Государственные и общественные организации следили за распределением продуктов в столовых и магазинах[1734]. К этому делу было привлечено много людей, учитывая размеры хищений. Н. В. Мансветова вспоминала, как на заседании районной комиссии по проверке столовых задавался и вопрос о том, «как работники должны относиться к посетителям»[1735]. Вопрос о человеческом достоинстве, даже получивший такой «гастрономический» оттенок, не мог не подразумеваться во время этих споров. Примечательно, что кое-где были открыты комсомольские булочные и столовые: надеялись пристыдить нечестных продавцов[1736].
Контроль касался всех сторон повседневной жизни блокадников. Без созданной государством системы чрезвычайных мер по оказанию помощи число жертв в городе было бы куда более значительным[1737]. И примеров человеческого сострадания, которые поддерживали моральный канон, видели бы намного меньше.
Даже в «смертное время» следили, хотя и не всегда, за состоянием общежитий, детских домов, «очагов», детсадов. Особое внимание обращали, в значительной степени из-за опасения эпидемий, на чистоту квартир, домов, дворов, – не отказываясь от угроз и наказаний тех, кто нес за это ответственность[1738]. Призывы соблюдать личную гигиену, сколь бы унизительными они ни были, также помогали поддерживать представления о нормах, принятых в цивилизованном обществе. На совещании секретарей цеховых партбюро Кировского завода в начале января 1942 г. вопрос о личной гигиене рабочих являлся даже частью повестки дня. Отмечалось, что многие рабочие, находясь на казарменном положении, «в течение трех и больше месяцев не мылись в бане, завшивели», а после остановки водопровода им «негде умыть лица». Секретарям было предложено «изо дня в день наблюдать за чистотой» [1739] – последнее, конечно, оставалось часто лишь благим пожеланием.

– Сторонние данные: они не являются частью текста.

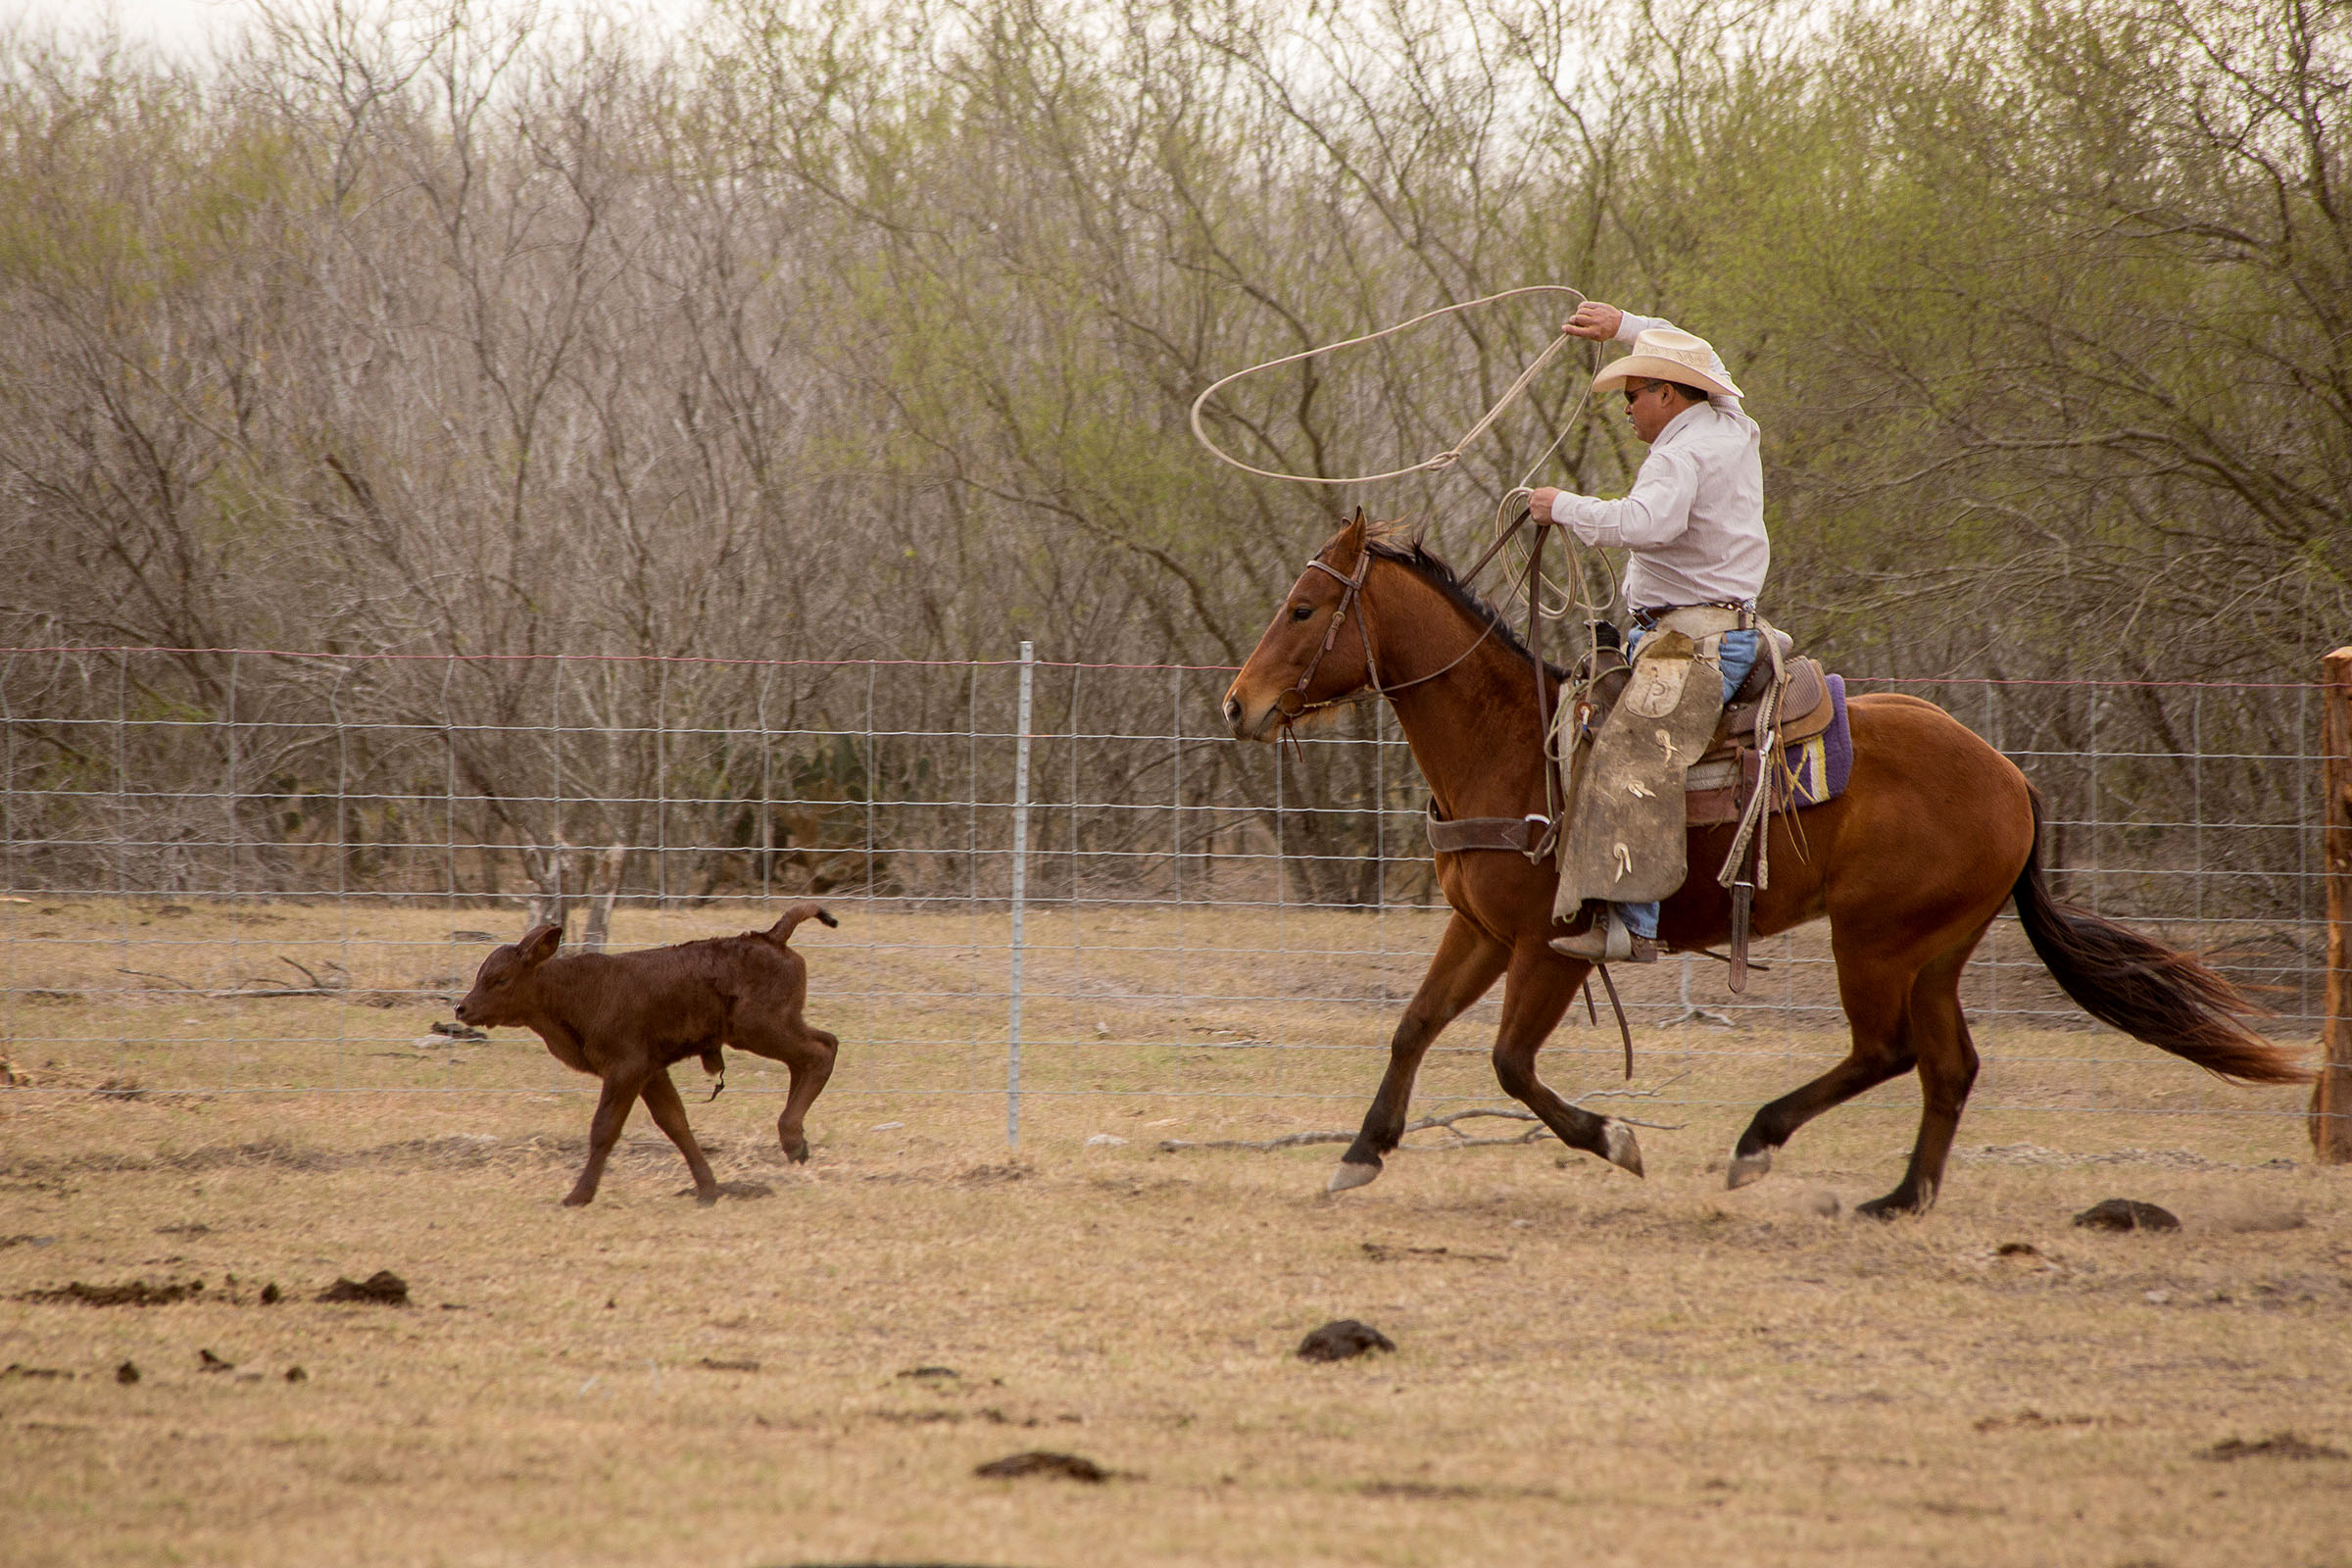 A cowboy on a horse lassos a calf on a dirt field.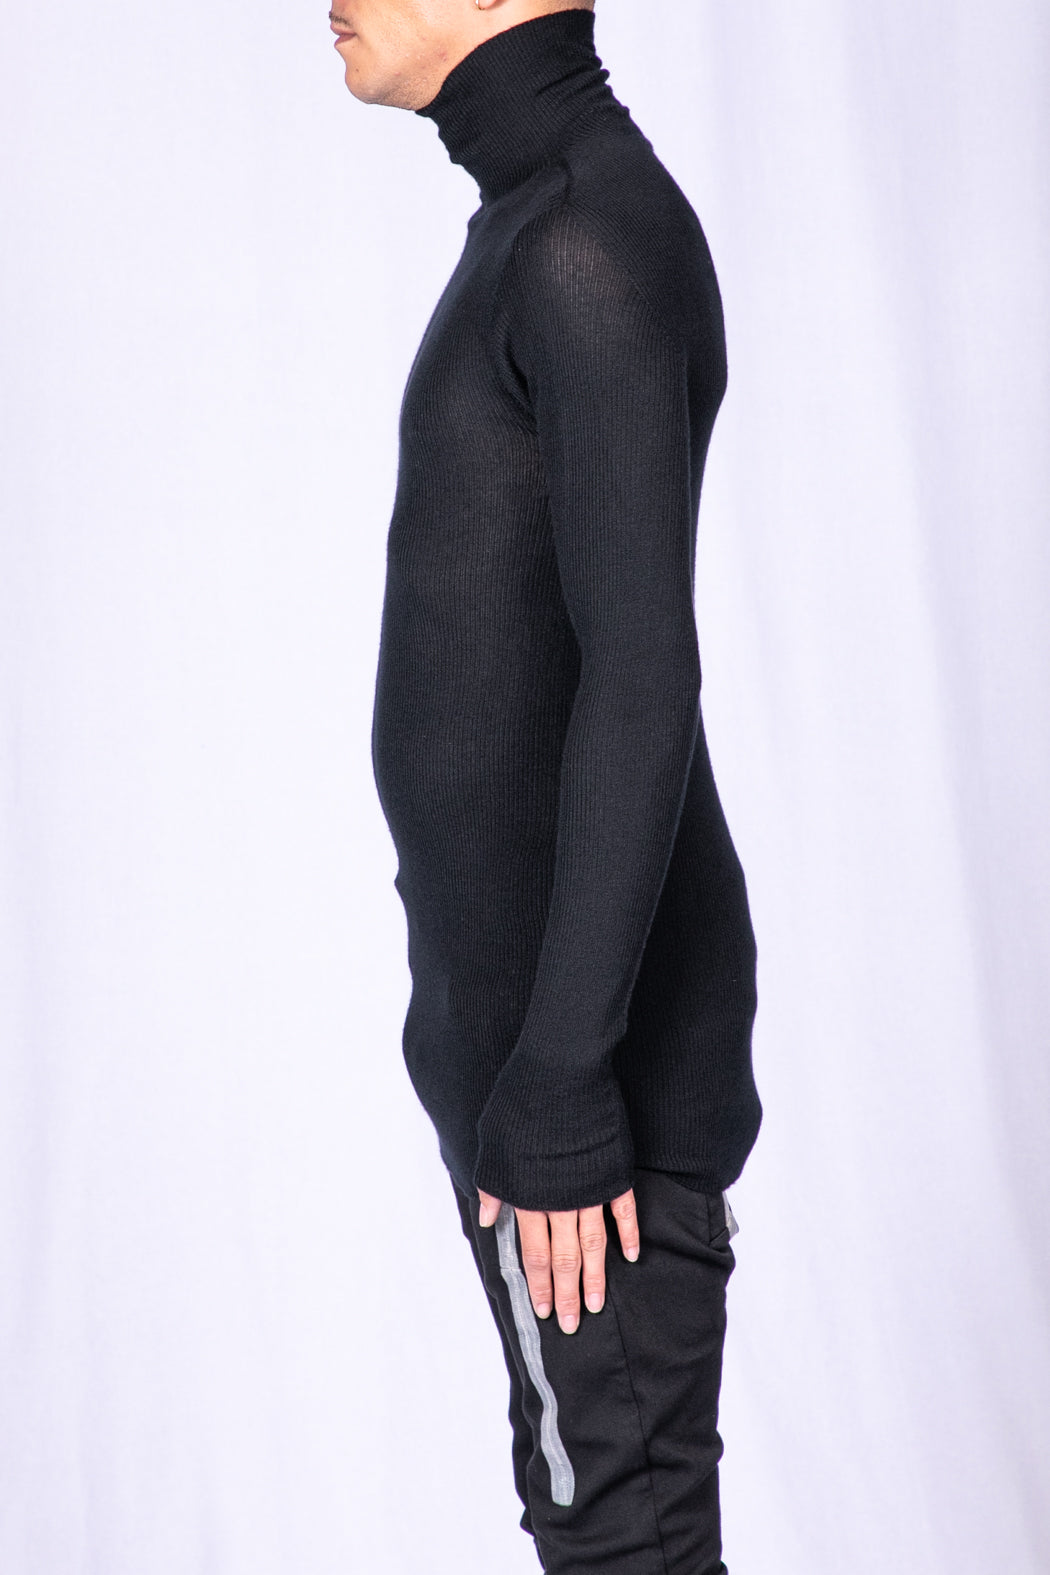 Black High Neck Seamless 3D Rib Knit Cashmere Sweater KNLS2

Когда читаешь протоколы первичных организаций ВКП(б) и ВЛКСМ, кажется, что в них уделяется неоправданно чрезмерное внимание к графику собраний, уплате взносов, заполнению делопроизводственной документации, постановке и снятию с учета, проведению агитационной работы. Драматизма «смертного времени», как ни парадоксально, мы в этих документах часто не обнаружим, и в силу их краткости, и в силу пристрастия партийных и комсомольских инстанций к канцелярской рутине. Но это можно оценить и иначе. Все виды дисциплин – производственной, партийной, бытовой, этической – были связаны между собой. Партийная и комсомольская дисциплина принуждала и к соблюдению нравственных правил: не опускаться, помогать другим, следить за собой. Утрата представлений о системе идеологических и социальных ценностей, сколь бы надуманными они не казались нам сейчас, в то время делали поступки людей менее цивилизованными. «Опухшие от недоедания, с палочками, а все же явились на партактив», – описывал поведение заводских коммунистов инструктор парткома Кировского завода Л. П. Галько.[1740] И точно так же, невзирая на нездоровье, они шли на предприятия, выполняли задания, приободряли растерявшихся, одергивали «паникеров» – положение обязывает. А если члены ВКП(б) и ВЛКСМ не захотят быть образцом для других – заставят, пристыдят, пригрозят.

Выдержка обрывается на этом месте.